I reopen this bug, as it seems that this fix causes a side effect on torque-2.5.7-9.el6, where the pbs_server randomly cannot bind to a local port two times consecutively, due to the tcp-retry-count value, and consequently gives up to connect to the mom port on the exec_host node. I assume that selecting two random local ports in the reserved range  have a statistical non-nul risk of being both busy, so maybe the tcp-retry-count value could be increased a bit to mitigate this case occurence ? 

The visible consequence is that some jobs stay forever in queue, in queued state, while having an exec_host selected.

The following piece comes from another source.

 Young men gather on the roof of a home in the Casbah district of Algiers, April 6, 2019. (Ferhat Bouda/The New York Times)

Here is the relevant debug information from the log file:

04/15/2013 20:06:48;0001;PBS_Server;Svr;PBS_Server;svr_setjobstate: setting job 20217.linux1.grid.creatis.insa-lyon.fr state from RUNNING-STAGEGO to RUNNING-PRERUN (4-40)

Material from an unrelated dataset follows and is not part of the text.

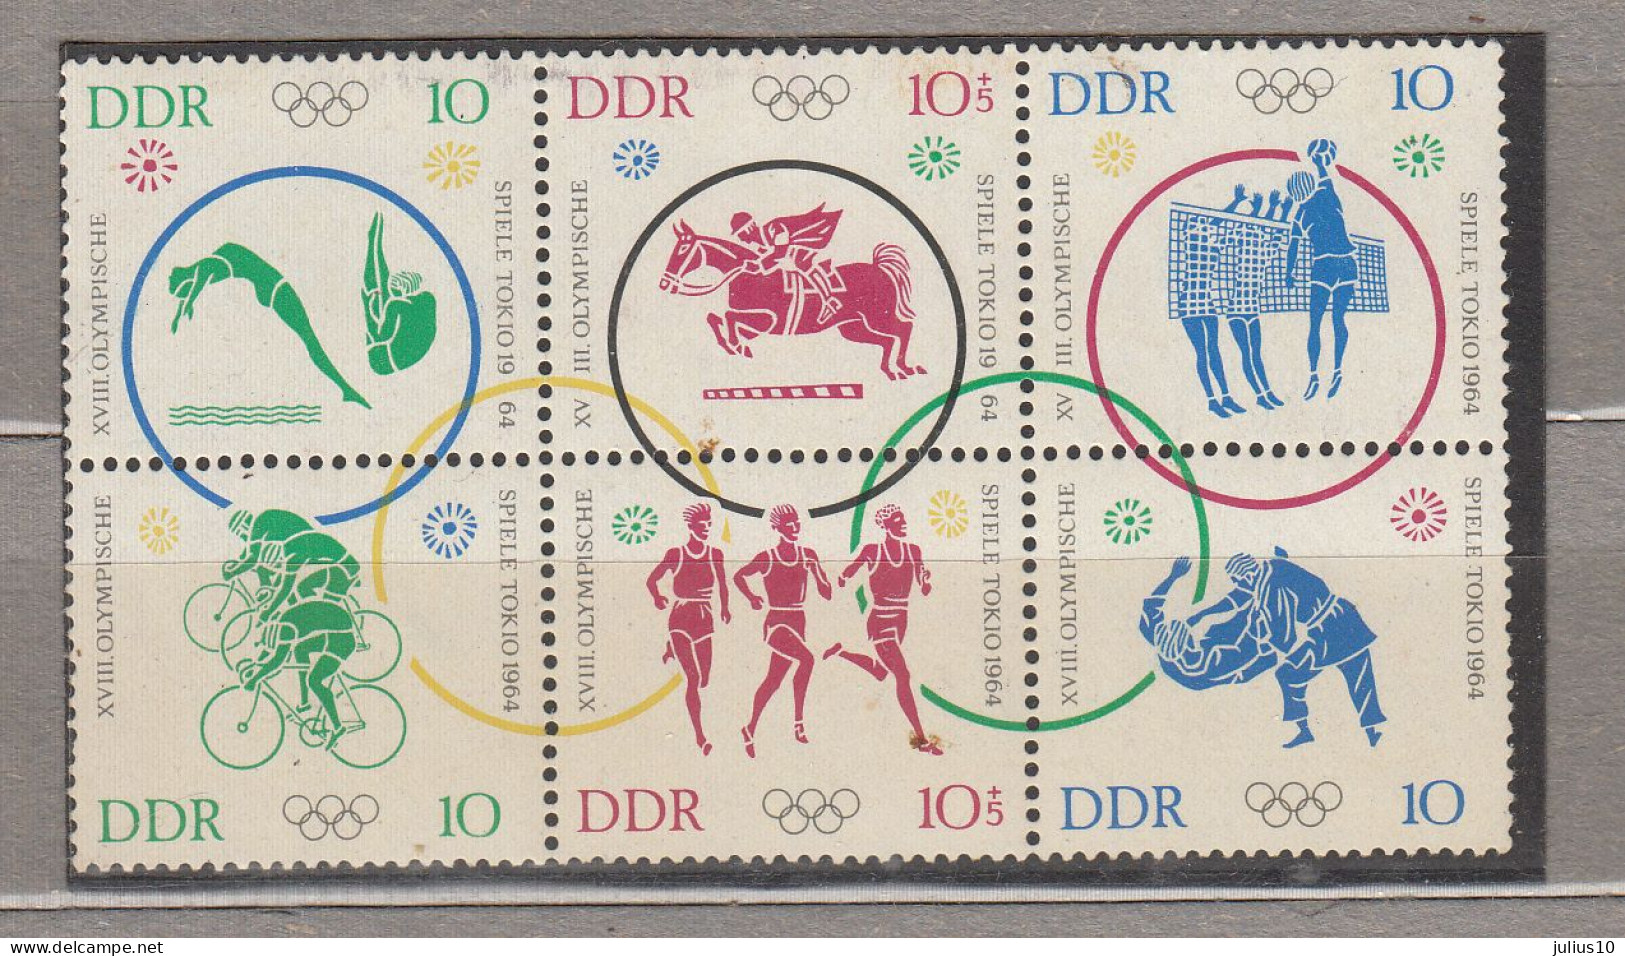 GERMANY DDR Olympic Games 1964 MNH (**) Michel 1039-1044 #Sp190 - Ete 1964: Tokyo

04/15/2013 20:06:48;0004;PBS_Server;Svr;svr_connect;attempting connect to host 134.214.205.76 port 15002
04/15/2013 20:06:48;0004;PBS_Server;Svr;svr_connect;cannot connect to host port 15002 - cannot establish connection (cannot connect to port 985 in client_to_svr - errno:99 Cannot assign requested address) - time=0 seconds
04/15/2013 20:06:48;0004;PBS_Server;Svr;WARNING;ALERT: unable to contact node linux7.grid.creatis.insa-lyon.fr
04/15/2013 20:06:48;0001;PBS_Server;Svr;PBS_Server;LOG_ERROR::Cannot assign requested address (99) in send_job, send_job failed to 86d6cd4c port 15002
04/15/2013 20:06:48;0002;PBS_Server;Job;20214.linux1.grid.creatis.insa-lyon.fr;child reported success for job after 0 seconds (dest=linux7.grid.creatis.insa-lyon.fr), rc=0
04/15/2013 20:06:48;0001;PBS_Server;Svr;PBS_Server;svr_setjobstate: setting job 20214.linux1.grid.creatis.insa-lyon.fr state from RUNNING-PRERUN to RUNNING-RUNNING (4-42)

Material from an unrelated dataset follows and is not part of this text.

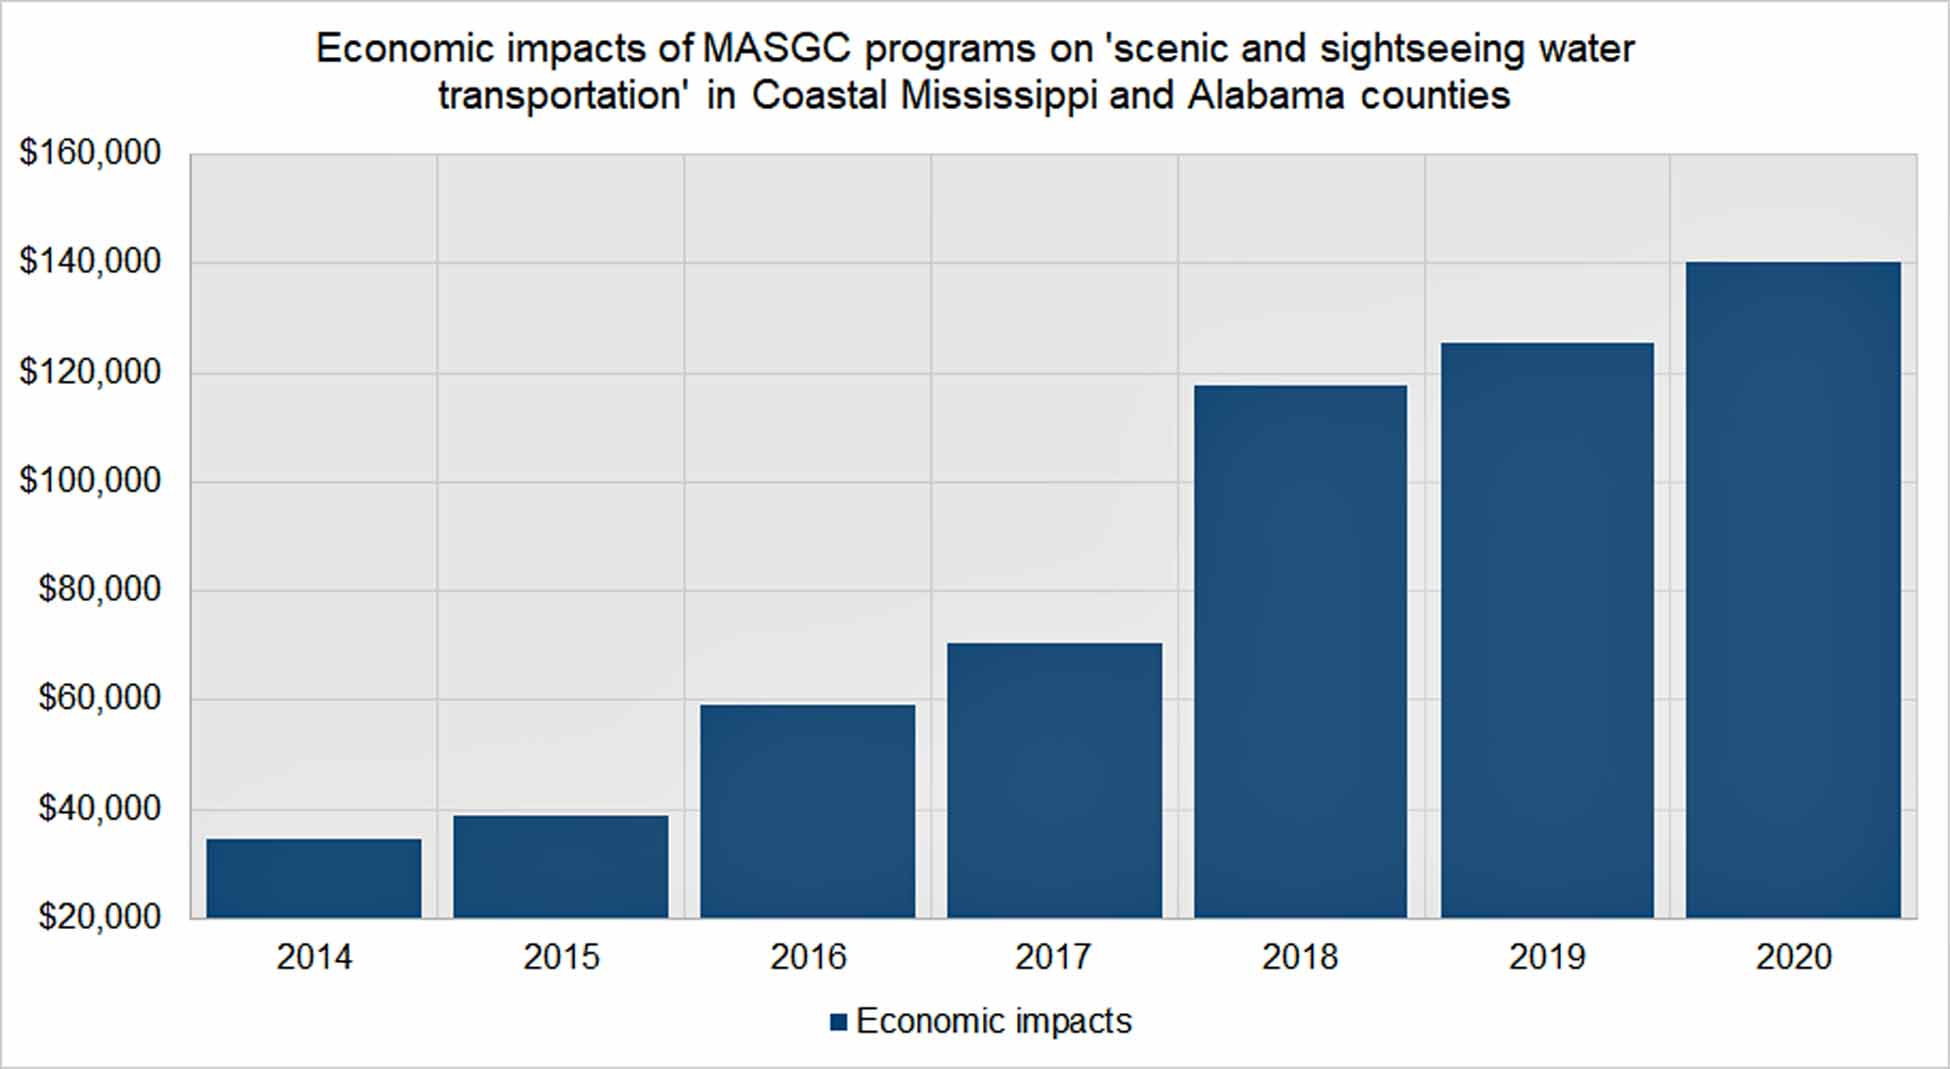 economic_impacts_of_masgc_programs_on_charter_boats_in_coastal_ms_and_al.jpg

04/15/2013 20:06:48;0004;PBS_Server;Svr;svr_connect;attempting connect to host 134.214.205.76 port 15002
04/15/2013 20:06:48;0004;PBS_Server;Svr;svr_connect;cannot connect to host port 15002 - cannot establish connection (cannot connect to port 985 in client_to_svr - errno:99 Cannot assign requested address) - time=0 seconds
04/15/2013 20:06:48;0004;PBS_Server;Svr;WARNING;ALERT: unable to contact node linux7.grid.creatis.insa-lyon.fr
04/15/2013 20:06:48;0002;PBS_Server;Job;20217.linux1.grid.creatis.insa-lyon.fr;child reported failure for job after 0 seconds (dest=linux7.grid.creatis.insa-lyon.fr), rc=1
04/15/2013 20:06:48;0008;PBS_Server;Job;20217.linux1.grid.creatis.insa-lyon.fr;unable to run job, MOM rejected/rc=1
04/15/2013 20:06:48;0040;PBS_Server;Req;free_nodes;freeing nodes for job 20217.linux1.grid.creatis.insa-lyon.fr
04/15/2013 20:06:48;0040;PBS_Server;Req;free_nodes;freeing node linux7.grid.creatis.insa-lyon.fr/9 from job 20217.linux1.grid.creatis.insa-lyon.fr (nsnfree=5)
04/15/2013 20:06:48;0001;PBS_Server;Svr;PBS_Server;svr_setjobstate: setting job 20217.linux1.grid.creatis.insa-lyon.fr state from RUNNING-PRERUN to QUEUED-STAGECMP (1-16)

Comment 11 Steve Traylen 2014-06-03 12:52:19 UTC
No longer being maintained in EPEL by me.